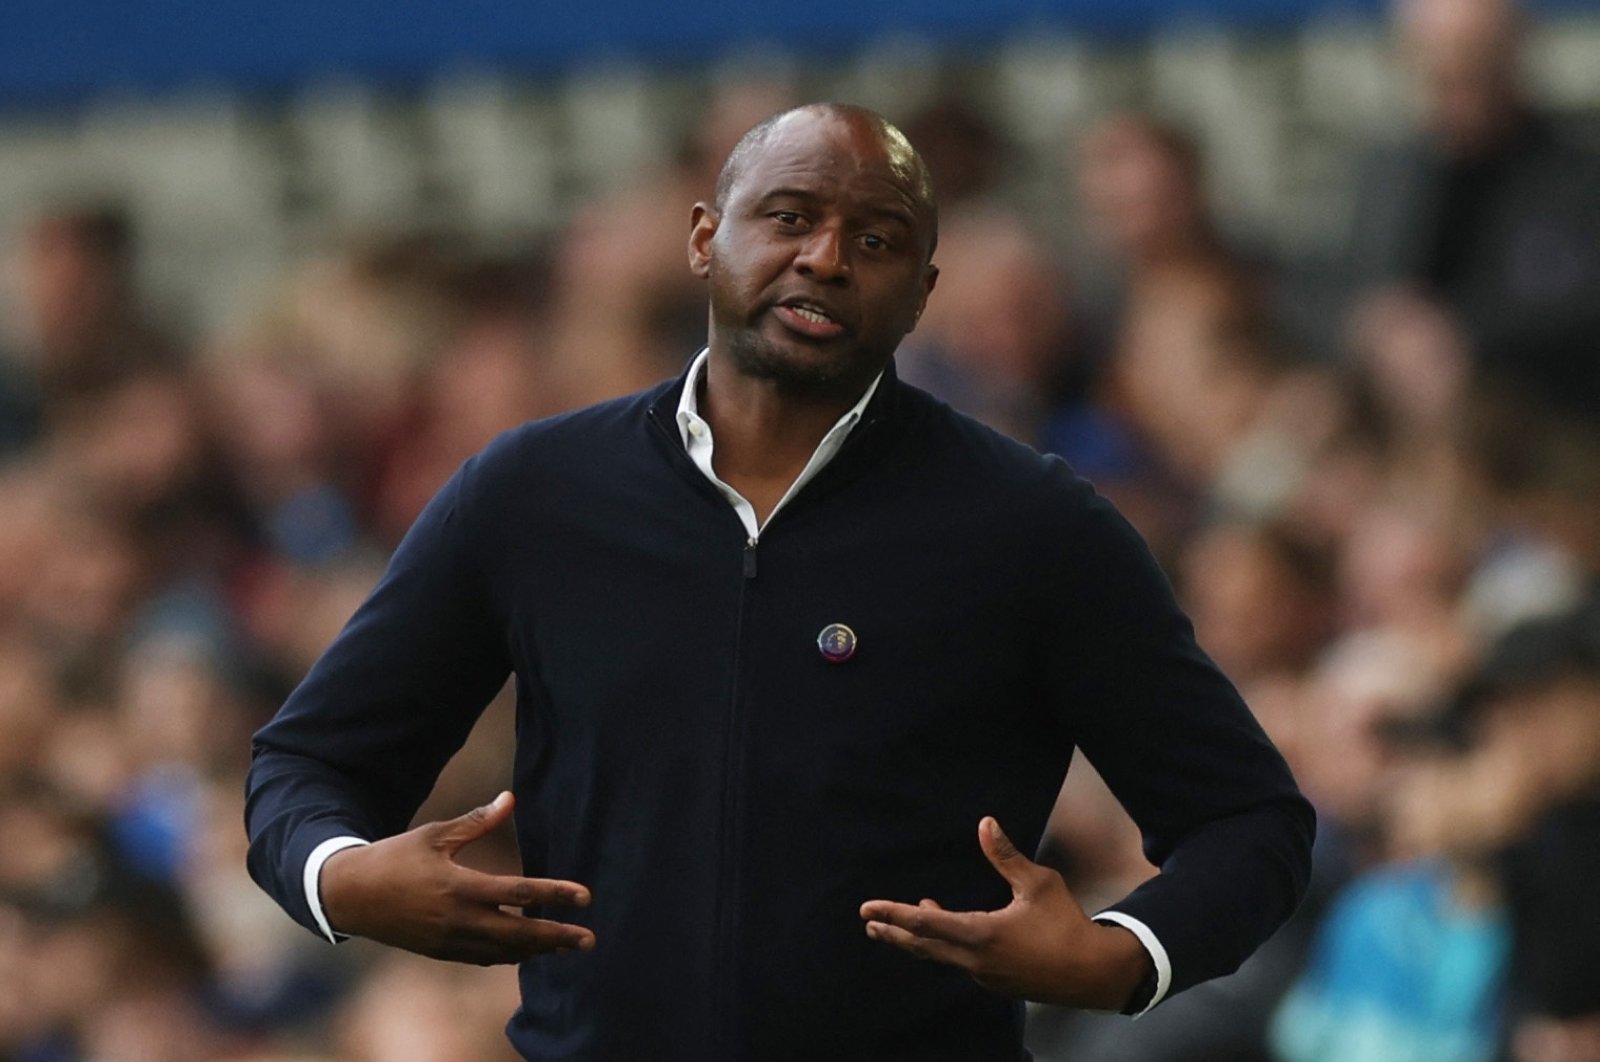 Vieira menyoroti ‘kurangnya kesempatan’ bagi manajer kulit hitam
* * *
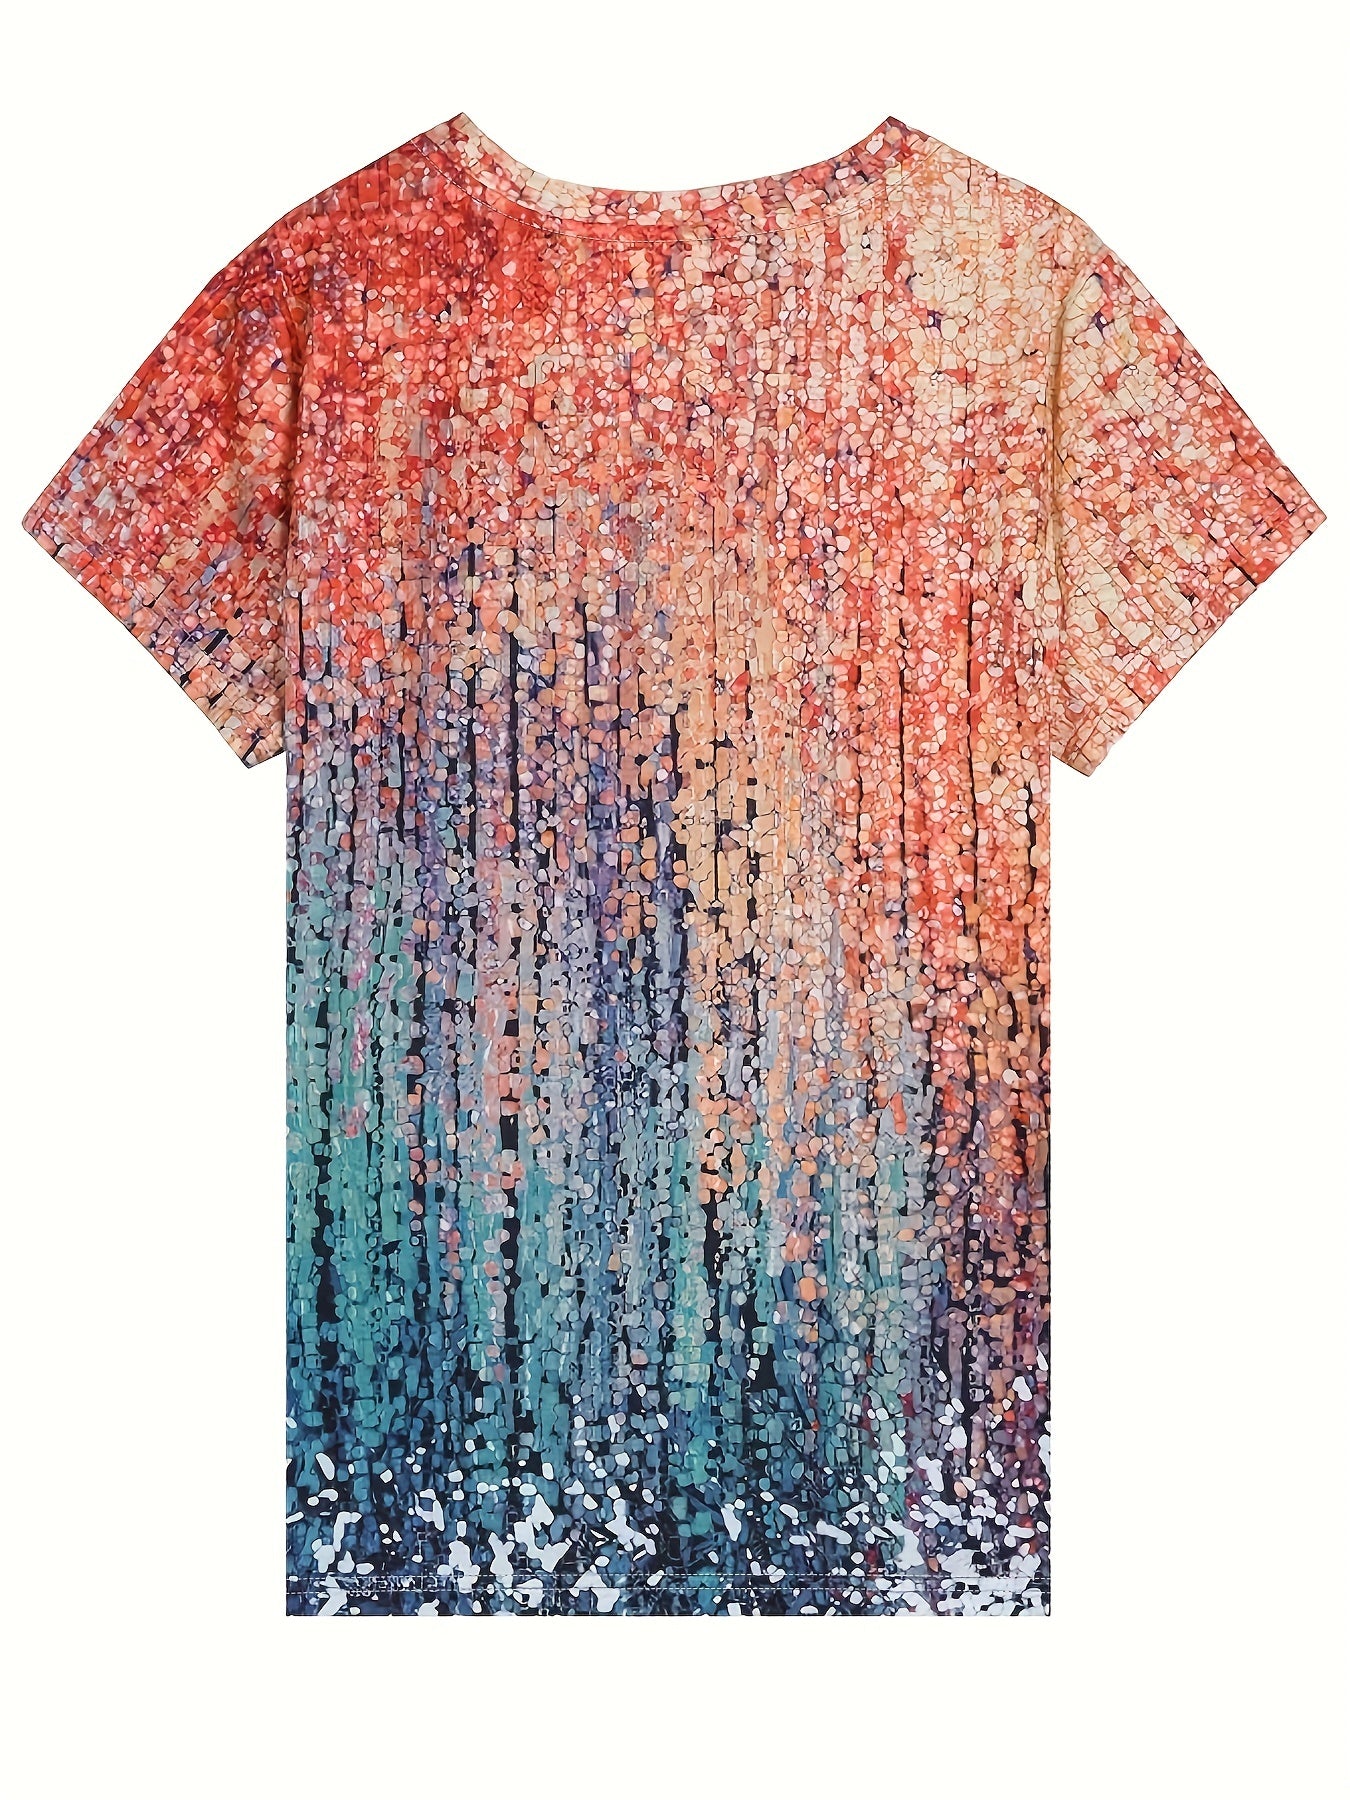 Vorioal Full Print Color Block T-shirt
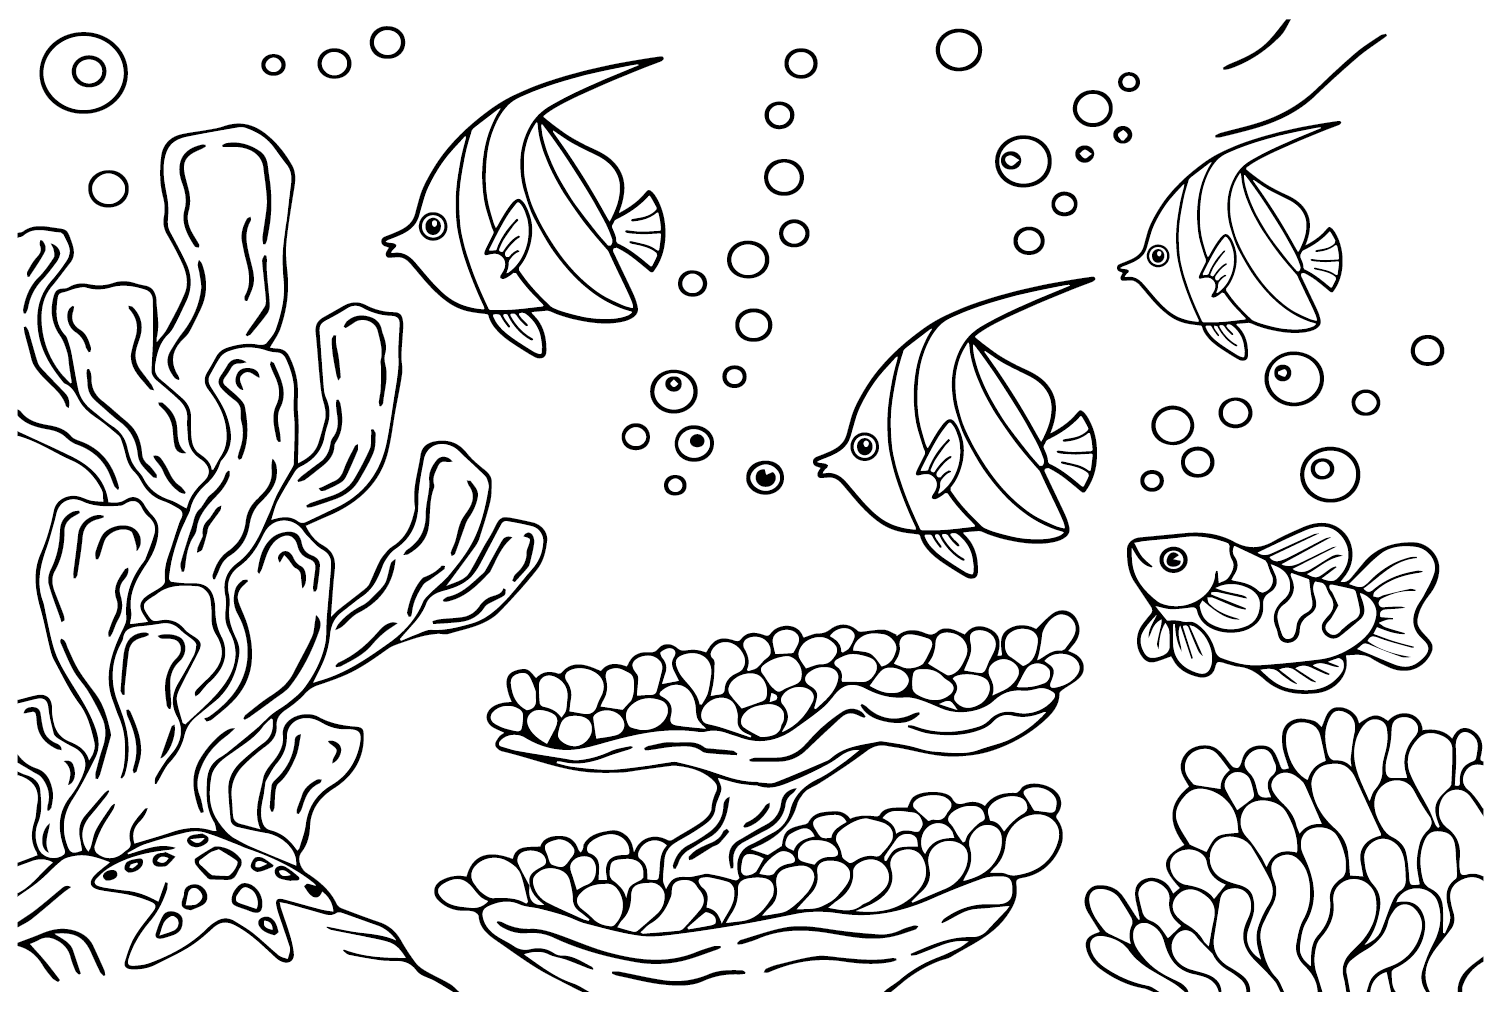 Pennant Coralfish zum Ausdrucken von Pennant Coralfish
---
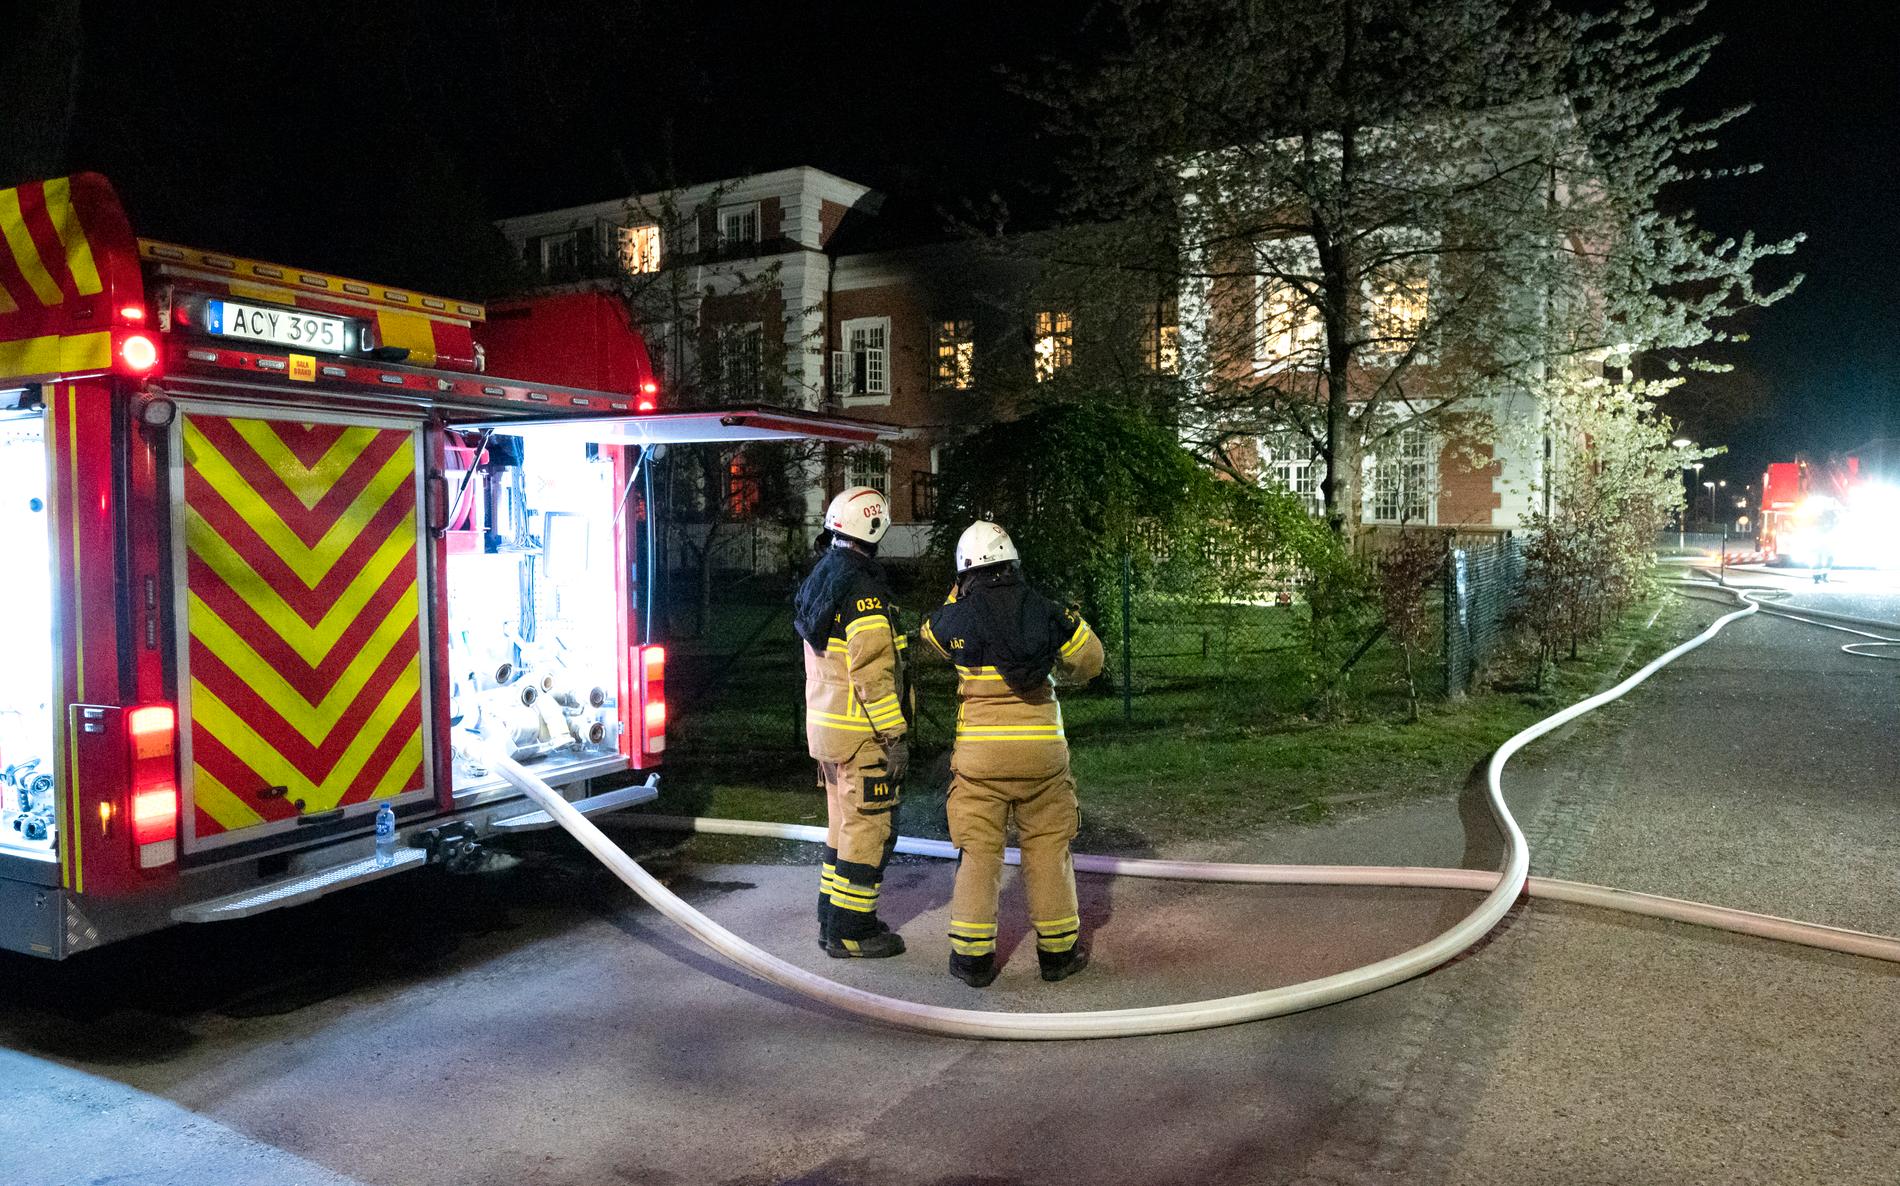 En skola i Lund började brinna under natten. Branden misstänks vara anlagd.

HOW TO COMPLETE THIS TASK: Look above for the line with "Vorioal Full Print Color Block T-shirt" and the line with "Pennant Coralfish zum", then copy them and all lines in between exactly as written, and only those, without any pictures.

SOLUTION TO THE PROBLEM:
 Vorioal Full Print Color Block T-shirt
 Pennant Coralfish zum Ausdrucken von Pennant Coralfish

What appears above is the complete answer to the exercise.